Without mentioning them by name, Masters was criticizing pension funds like the California Public Employees’ Retirement System, which invested $450 million in a commodity index fund in March 2007 as part of a diversification strategy.
It was a good move for CalPERS -- though maybe not for the poor schlub trying to fill his gas tank these days and have money left over to put food on the table.
Index-fund investors don’t buy physical commodities. They trade in futures contracts, which are agreements to buy or sell a specific amount of a commodity at a set price by a specific date. Futures, then, are benchmarks for prices across commodities markets.
An oil refiner may use futures to lock up a quantity of oil for delivery at a later date. A farmer may use them to guarantee a price for his crop.
But an index fund investor, Masters noted, is interested in only one thing: riding a price trend by trading in contracts.
The motivation is the same for one of the most popular commodity-related mutual funds available to individuals -- Newport Beach-based Pimco Commodity Real Return. The $14-billion-asset fund, which has rewarded its shareholders with a 24% gain this year, invests in complex securities designed to replicate the performance of a Dow Jones commodity index.

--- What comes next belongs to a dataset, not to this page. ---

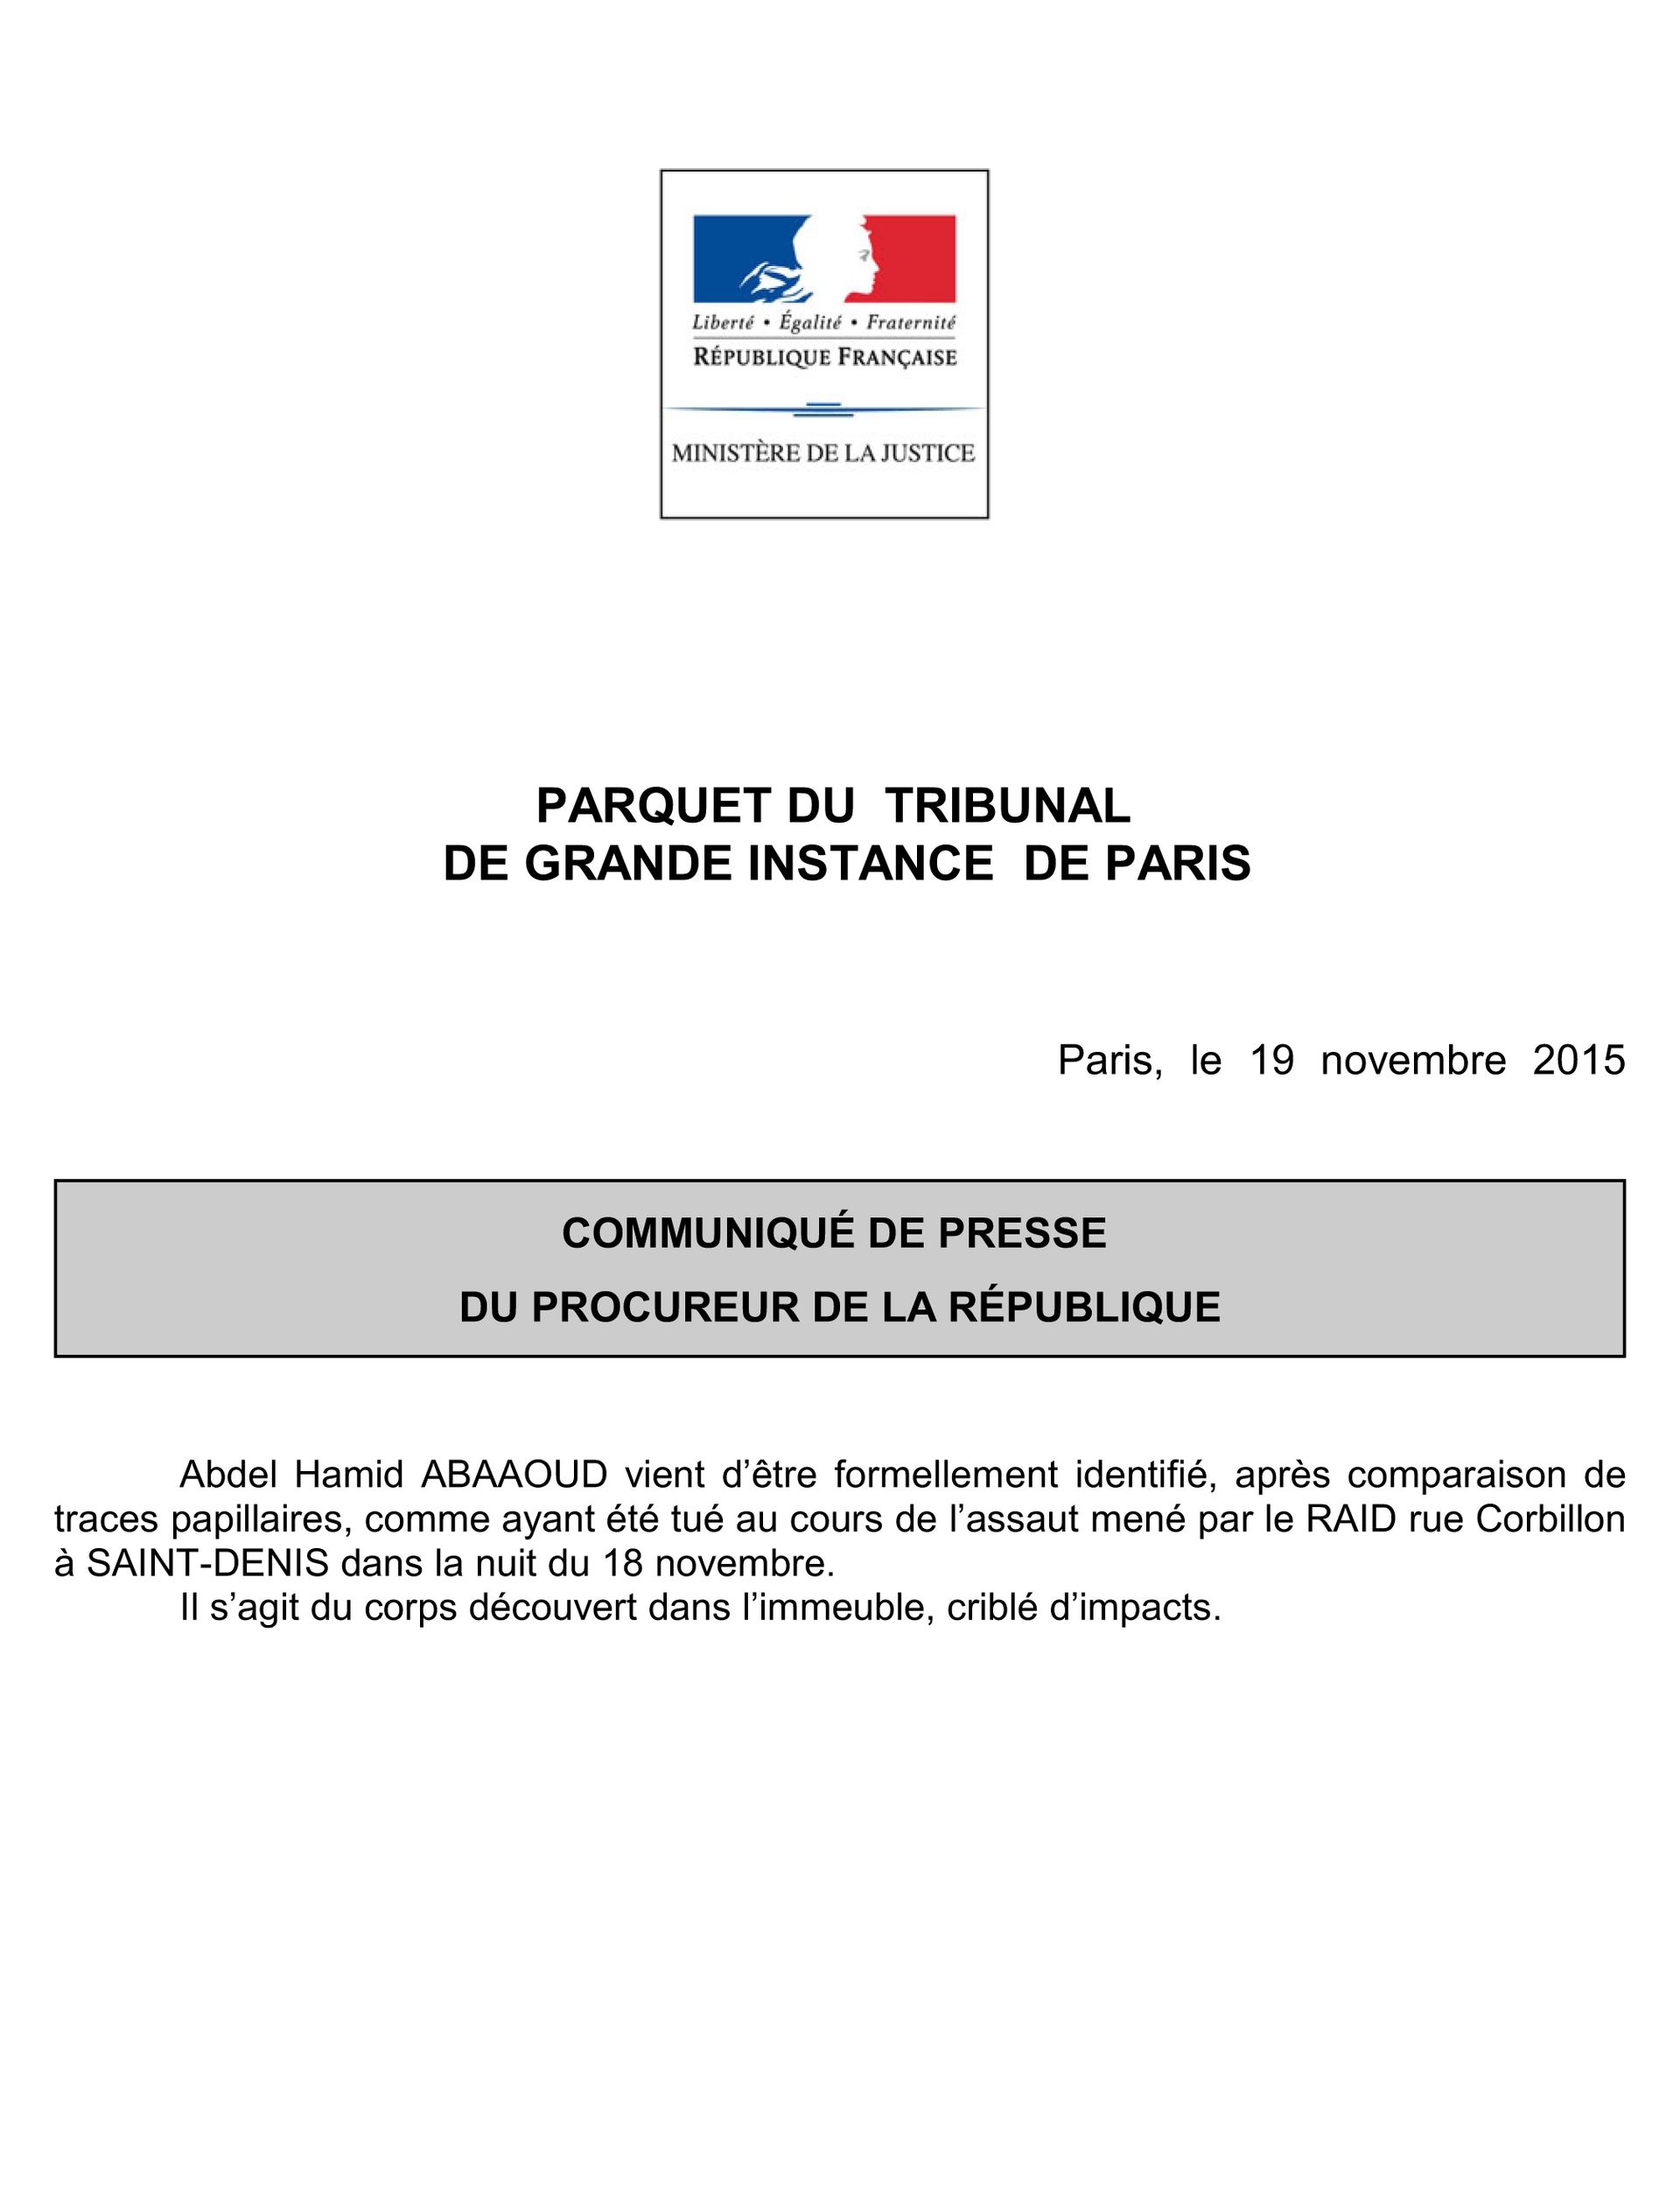 Le communiqué du Procureur de la République qui officialise le décès d'Abdelhamid Abaaoud lors de l'assaut de Saint-Denis.

So investors in the fund aren’t financing new oil wells that could boost global crude supplies. They aren’t putting up money for a new copper mine in Zaire. They’re just reaping whatever price gains can be had in commodity markets.
And, as Masters noted, success in commodity-fund investing feeds on itself. Investors’ interest in the funds “increases the more prices increase.” To put it another way, he said, investors’ “profit-motivated demand for futures” is the opposite of what you would expect from consumers, who tend to buy less of something as it gets more costly.
Masters, who said he didn’t trade commodities, said he agreed to appear at the hearing of the Homeland Security and Governmental Affairs Committee “as a concerned citizen.” The focus of the event, called by Sen. Joe Lieberman (I-Conn.), was the effect of speculation on commodity prices.
It wasn’t one-sided. Masters was rebutted by Jeffrey Harris, chief economist for the Commodity Futures Trading Commission, which regulates commodity markets. Harris contended that “the economic data show that overall commodity price levels . . . are being driven by powerful fundamental economic forces and the laws of supply and demand,” not by speculation.
Certainly, big investors make convenient whipping boys. It’s easier for politicians to attack them than to remind Americans how incredibly wasteful they are about energy. Imagine a Senate hearing called to excoriate recent buyers of mega-SUVs. Not going to happen.
And if this still is a free country, as SUV buyers might testify, why shouldn’t investors have the right to put their money into commodity funds?
When I asked CalPERS how it would defend its commodity investments in light of what has happened to prices and the pain those costs are inflicting on ordinary people, a spokesman noted that the goal of the 2-year-old program was to diversify the fund’s $242-billion portfolio and hedge against inflation, thereby helping to protect benefits for state retirees.
“Ours was a long-term investment plan for the coming natural-resources-constrained decades that was developed well before the recent jump in commodities pricing.” Well, OK then.
If the commodity surge has become a bubble, as many Wall Street pros believe, it will end the way all bubbles end -- with a crash that will humble those who came late to the party. There’s probably no need for politicians to get involved.
But a hands-off approach may be impossible if oil keeps climbing in the near term, exacting a heavier toll on struggling consumers.
As for investors who have turned to commodities for diversification, consider this: If their buying helps drive oil prices high enough to trigger a deep recession, the devastation in the stock portions of their portfolios could far exceed the gains they rack up in commodities. There’s an irony waiting to happen.